RICHARD HIMELRICK is a 30-year trial lawyer. His practice centers on business litigation with an emphasis on securities cases. He chairs Tiffany & Bosco’s Civil and Commercial Litigation Department. He is listed in The Best Lawyers in America, Southwest Super Lawyers, Litigation Counsel of America, and is a member of Scribes—The American Society of Legal Writers and the Arizona State Bar Class Actions and Derivative Suits Committee.
He represents clients in business disputes in both state and federal court. His cases often involve investment fraud including the defense of administrative actions brought by securities regulators.
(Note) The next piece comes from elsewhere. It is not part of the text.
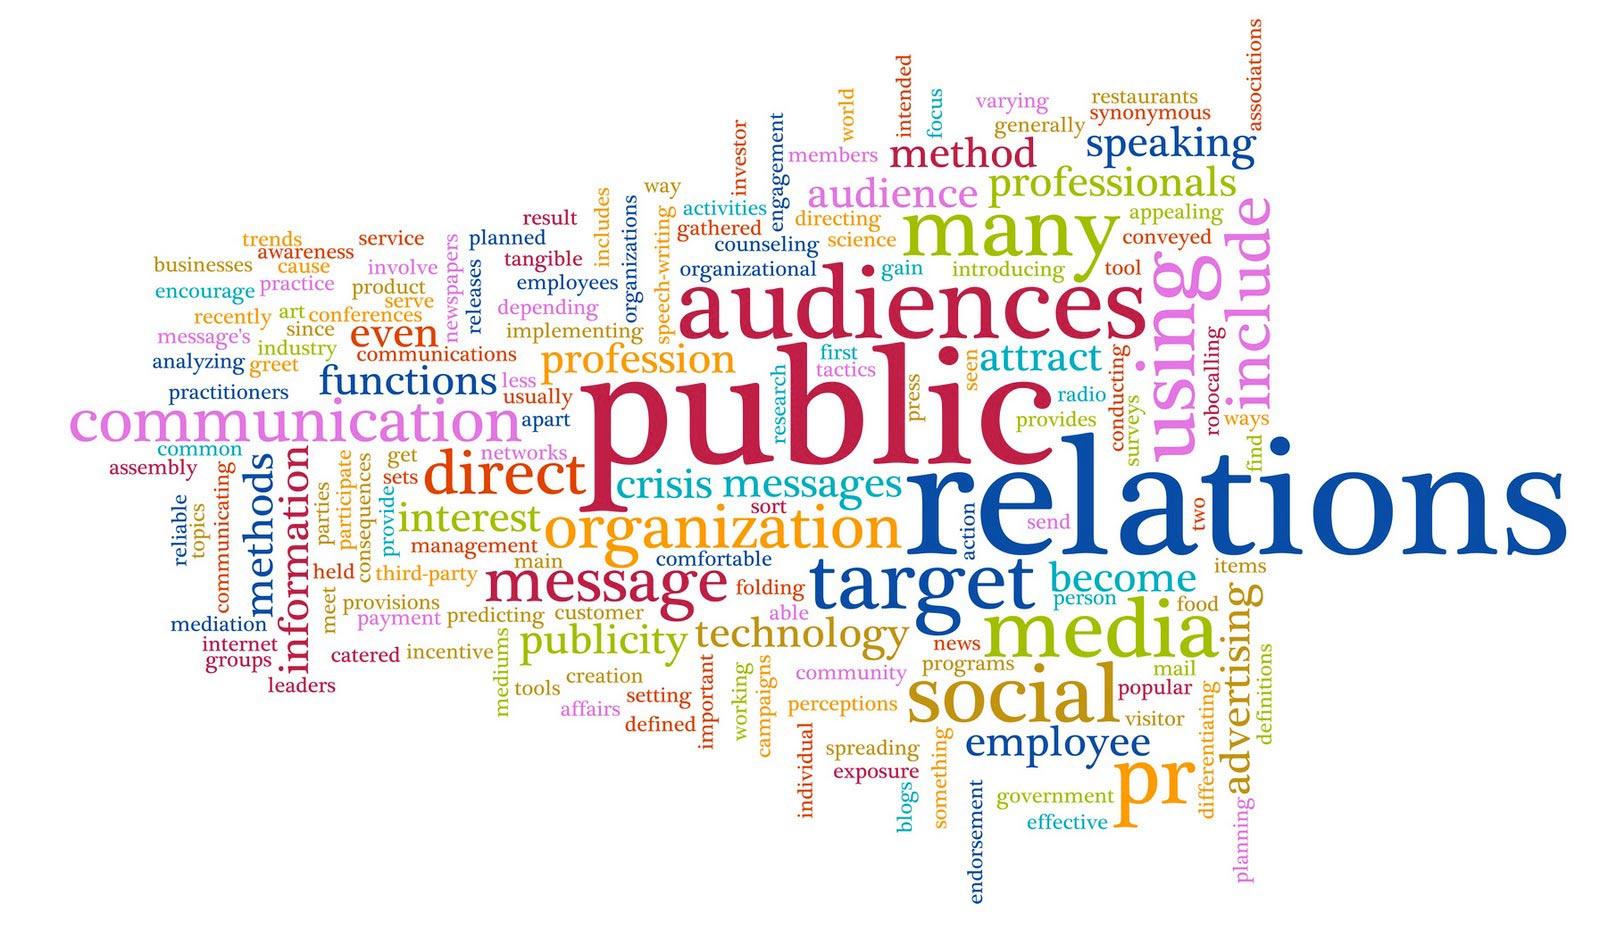 public relations pr social media

Rich was lead counsel for a certified class of investors who bought mortgage-backed note investments issued by two insolvent companies. See Facciola v. Greenberg Traurig, LLP, 281 F.R.D. 363 (D. Ariz. 2012). The case alleged that the notes were sold in what became a Ponzi scheme. Defendants include the issuers’ management, two national law firms that acted as securities counsel, and the lead issuer’s auditors. The case settled with the issuer’s management and securities counsel for $89 million.
Rich was also lead trial counsel for the plaintiff class in an action certified on behalf of Arizona investors who purchased stocks under Olde Discount Corporation’s “commission-free” programs. After a three week trial, the case settled during jury deliberations for $21 million, which represented a return to investors of over 115% of their out-of-pocket losses.
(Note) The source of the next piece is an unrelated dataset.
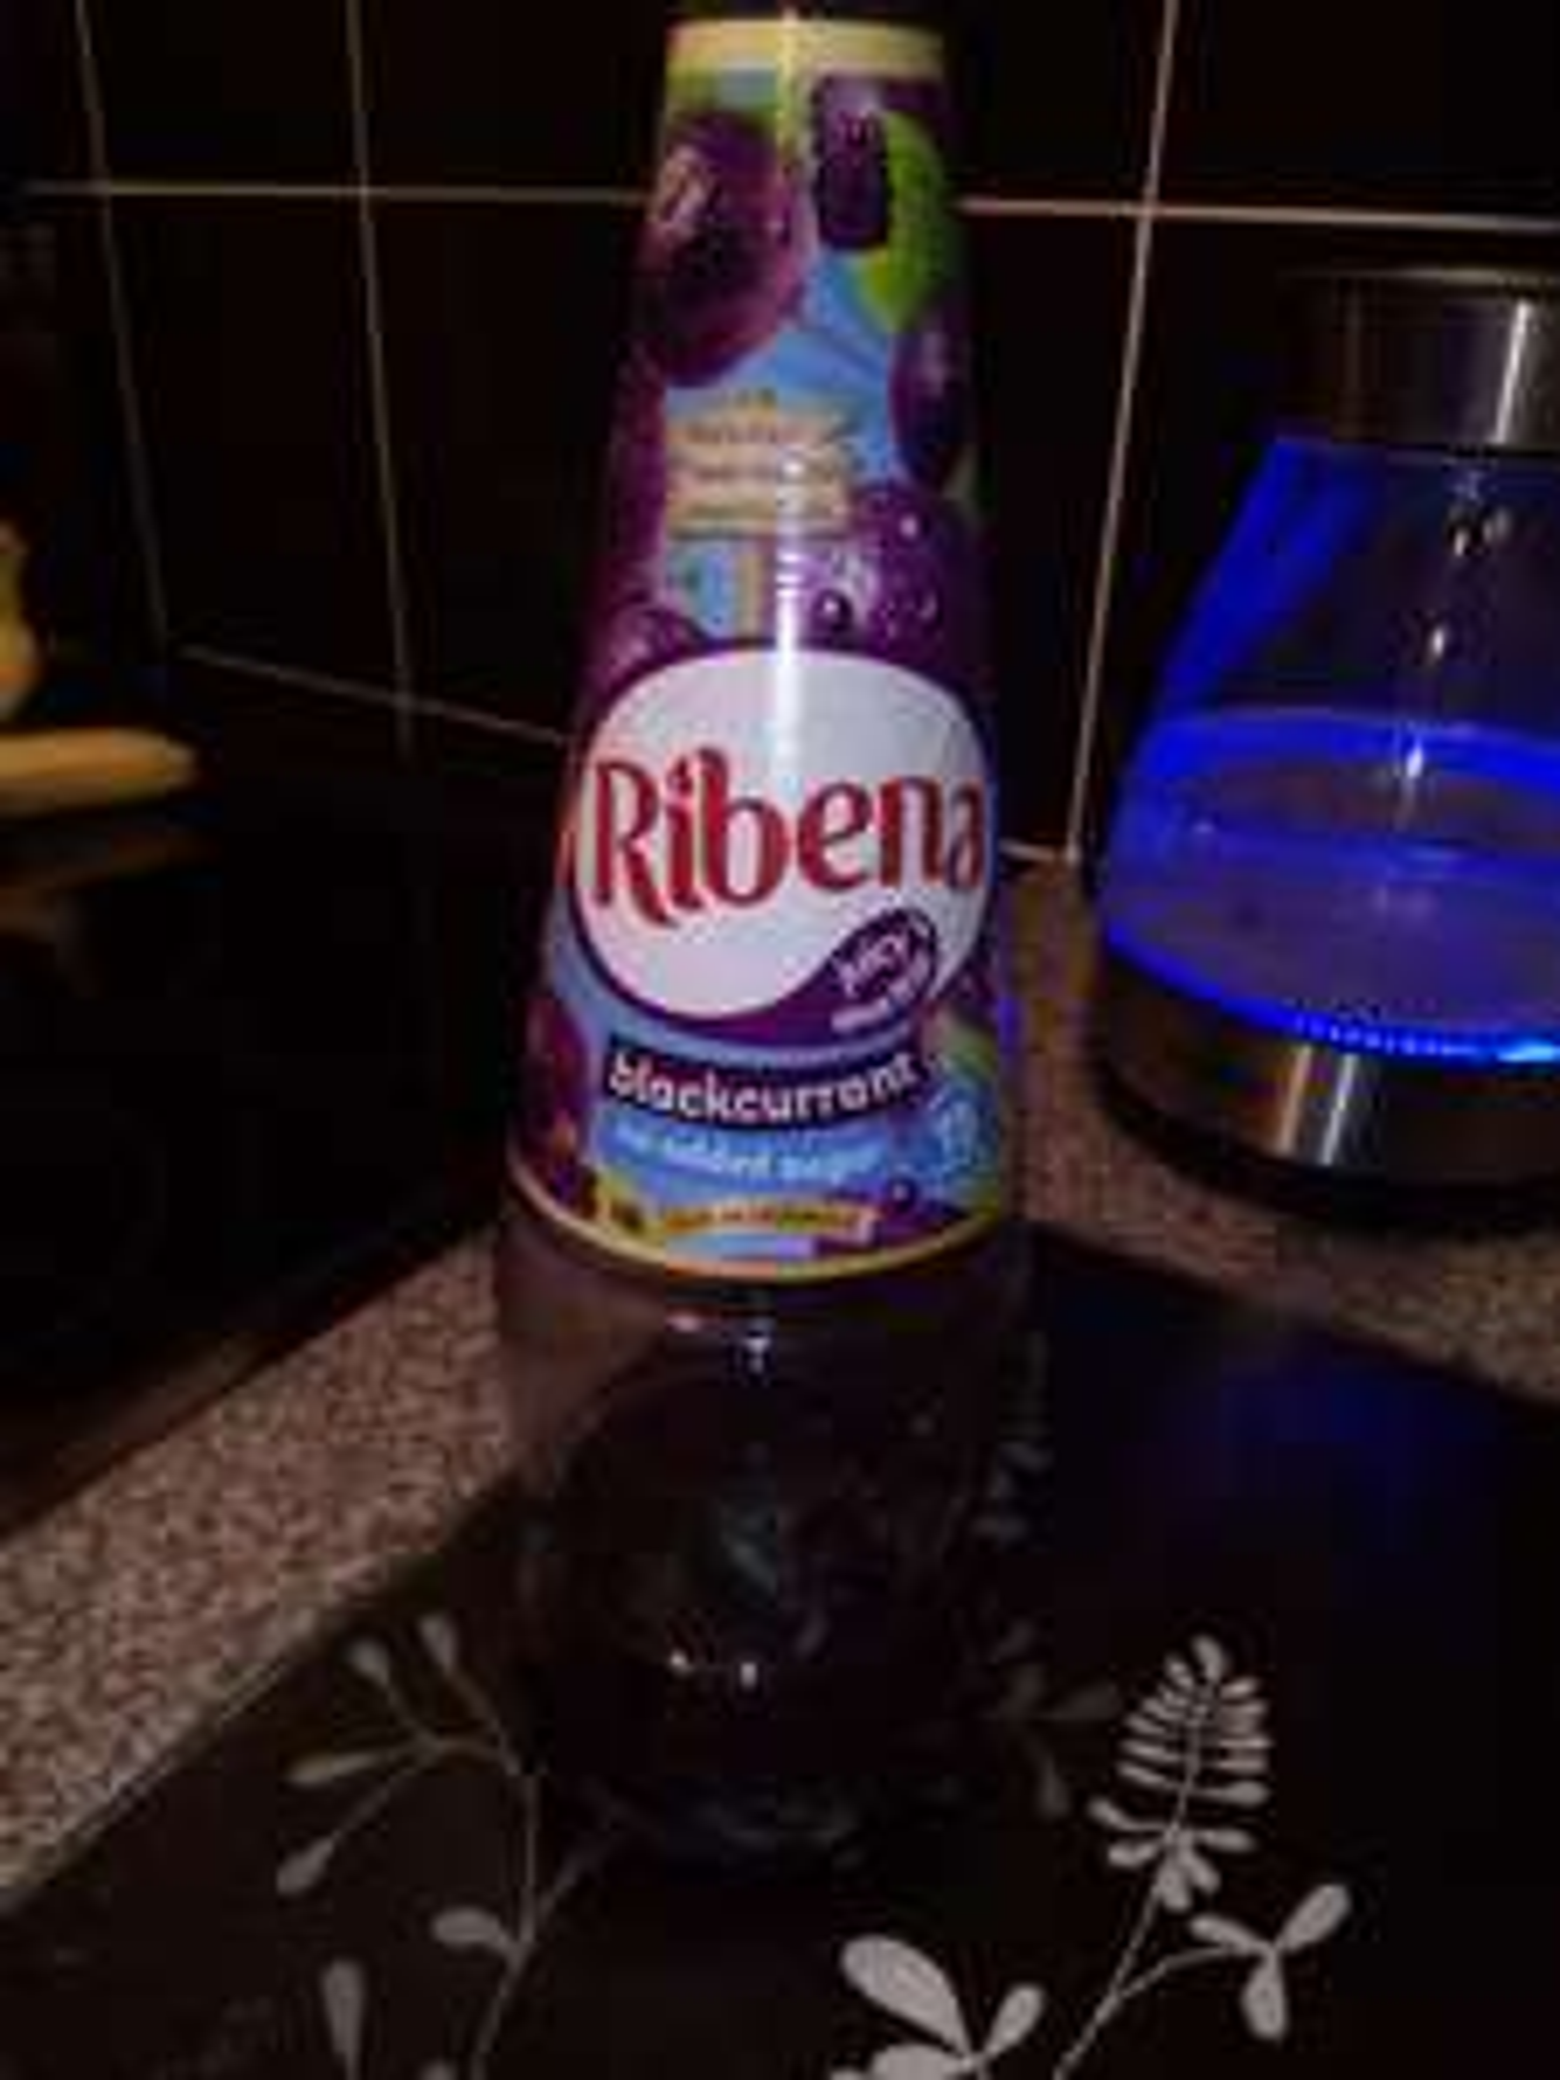 Ribena no added sugar 850ml £1 instore @ Iceland (Bristol)

He was co-trial counsel for the plaintiffs in a class action filed on behalf of 11,000 investors who invested over $500 million with the Baptist Foundation of Arizona and its subsidiaries. During the sixth day of trial against BFA’s auditor, Arthur Andersen, the case settled for $217 million. The year before he was lead class counsel in a related action that led to a $21 million settlement with BFA’s outside attorneys. In another case, he represented three minority stockholders in a suit alleging shareholder oppression. For over a decade, the three plaintiffs had received only nominal dividends. The week before trial the case settled for $19.5 million.